Billy Gregg only had the think about the music to find his inspiration as a writer.
The senior has spent at least the last four Veterans Days playing for the high school band at the ceremony conducted by Lake Forest American Legion Post 264.
So when the Legion Post's annual Veterans Day essay contest came along this fall, Gregg thought of the music and the role it served in each of those Veterans Day ceremonies in submitting his first-ever entry.
"I went in knowing I was going to write about music since that's what I have always connected to Veterans Day," said Gregg, who has played an instrument since the fifth grade, the bass clarinet since sixth. "It came naturally to me.
Gregg was awarded first place for his essay and $1,000, which he will donate in portions to the high school band program, debate and Scholastic Bowl.
"Everything needs money and I wanted to be able to help the band program and all the rest of the activities," he said.
Second place went to Sam Tauke, who received $500 and third to Lauren McCabe, who received $250.
The other Lake Forest students who entered the contest included: Sabrina Acker, Kurt Blumeyer, Ryan Burns, Molly Carr, Richard Daniels, Allie Danneker, Cameron Douglass, Hope Goldman, Cordelia Grob, Abbi Kordell, John Muscarello, Mukesh Nadam, Anna Noronha, Cat Perino, Gabriela Perino, Joseph Santello, Jeffery Stevens, Stephanie Weber and Natalie Yang.
Here is Gregg's winning essay.
By Billy Gregg
Life, Liberty and the Pursuit of Happiness.
The idea that human beings are entitled to these basic rights has come a long way since it was first explored by John Locke and other enlightenment philosophers in the 17th and 18th centuries.
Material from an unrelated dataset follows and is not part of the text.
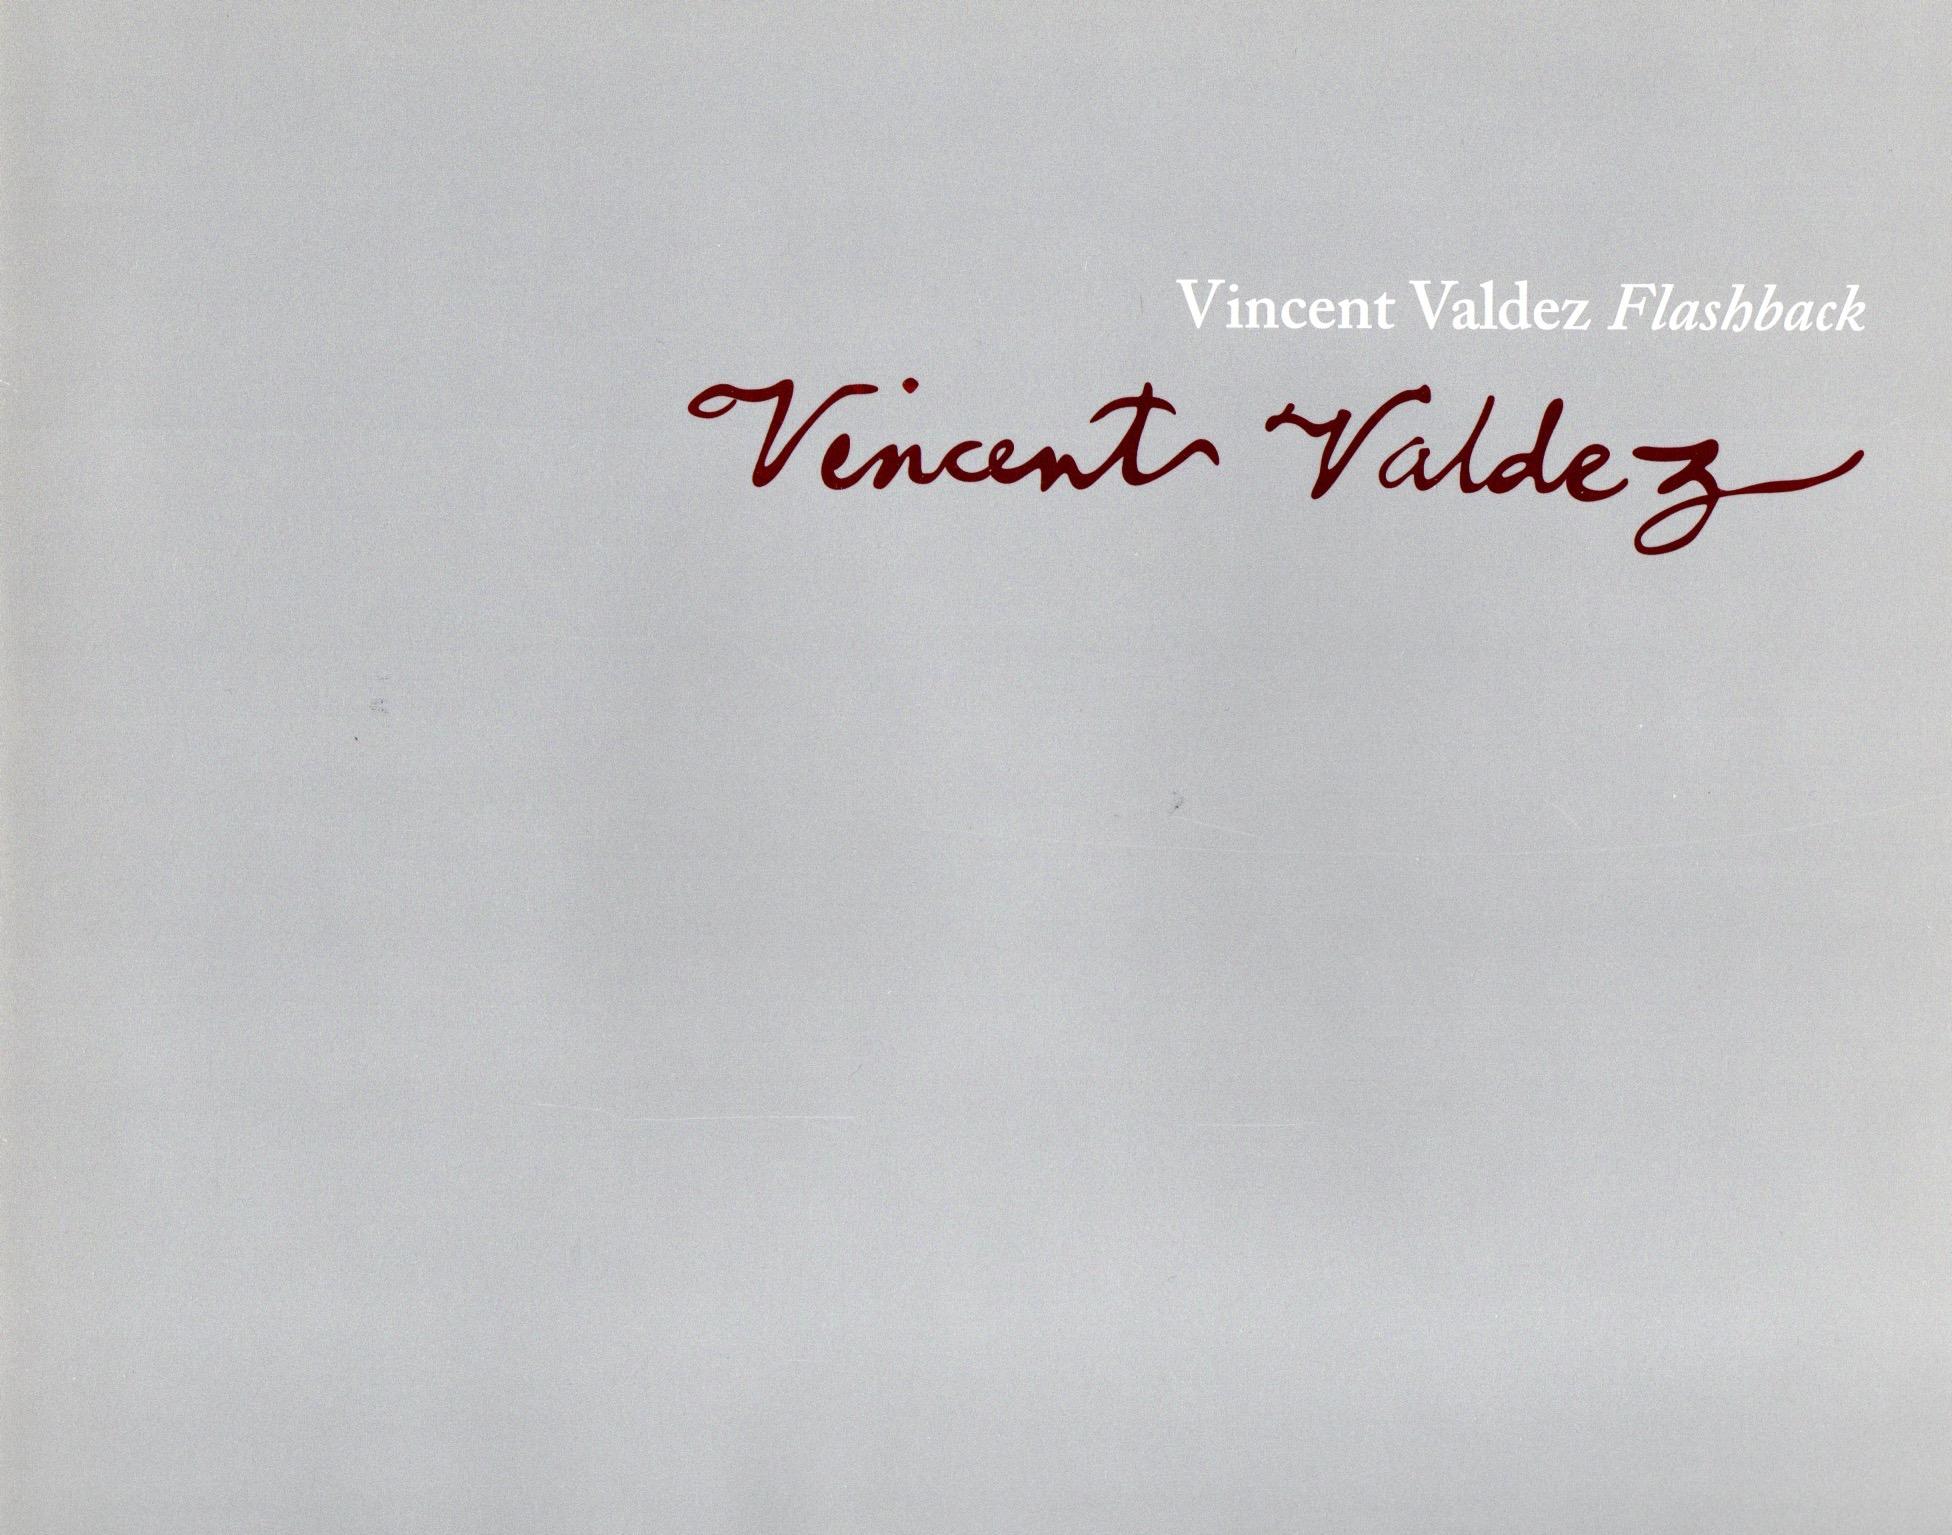 Vincent Valdez_Flashback_Southwest School of Art and Craft_San Antonio_2010

No country, no society, has ever achieved as much as the United States of America in terms of fulfilling these ideals.
That being said, the United States would never have evolved into the bastion of freedom and justice that it is today without the sacrifices made by its protectors, living and dead.
Veterans Day is about acknowledging that, without the bravery and devotion of the men and women who have served, and continue to serve each and every one of us, the preservation of this great nation would be impossible. In this way, we owe everything to our Veterans. We owe them our freedom and our Democratic form of government; we owe them our lives.
As a member of the Lake Forest High School Band, the celebration of Veterans Day has been particularly poignant for me. My most vivid memories of past ceremonies focus on one song in particular: the Armed Forces Salute.
This piece is a medley of the Anthems of the different branches of service, and during the song, Veterans stand to be recognized as the Anthems for their respective services are played. No facet of Veterans Day has ever resonated with me to the same degree as seeing the pride shine in the eyes of these men and women as they are acknowledged for their incredible service.
Beyond that, other songs serve to bring out some of the best qualities of America. The lyrical melodies of America the Beautiful sing of beauty and freedom, while the powerful marches that we owe to the iconic John Phillip Sousa, and other great American composers, such as The Stars and Stripes Forever and Hands Across the Sea inspire feelings of patriotism.
In this way, we are given the opportunity to honor our Veterans by representing the qualities of America that they defended through a medium as profound as music.
Even though we do so much to thank our Veterans for their steadfast defense of our nation, Veterans Day is also about realizing that it is impossible to properly thank our servicemen and women for their unflagging valor and determination. There is nothing that we can do for our Veterans that could possibly offset our tremendous debt to them.
So, what does Veterans Day mean to me?
It means recognition, reflection, and patriotism, but it also means music, and the pride shining in the eyes of men and women to whom we owe everything.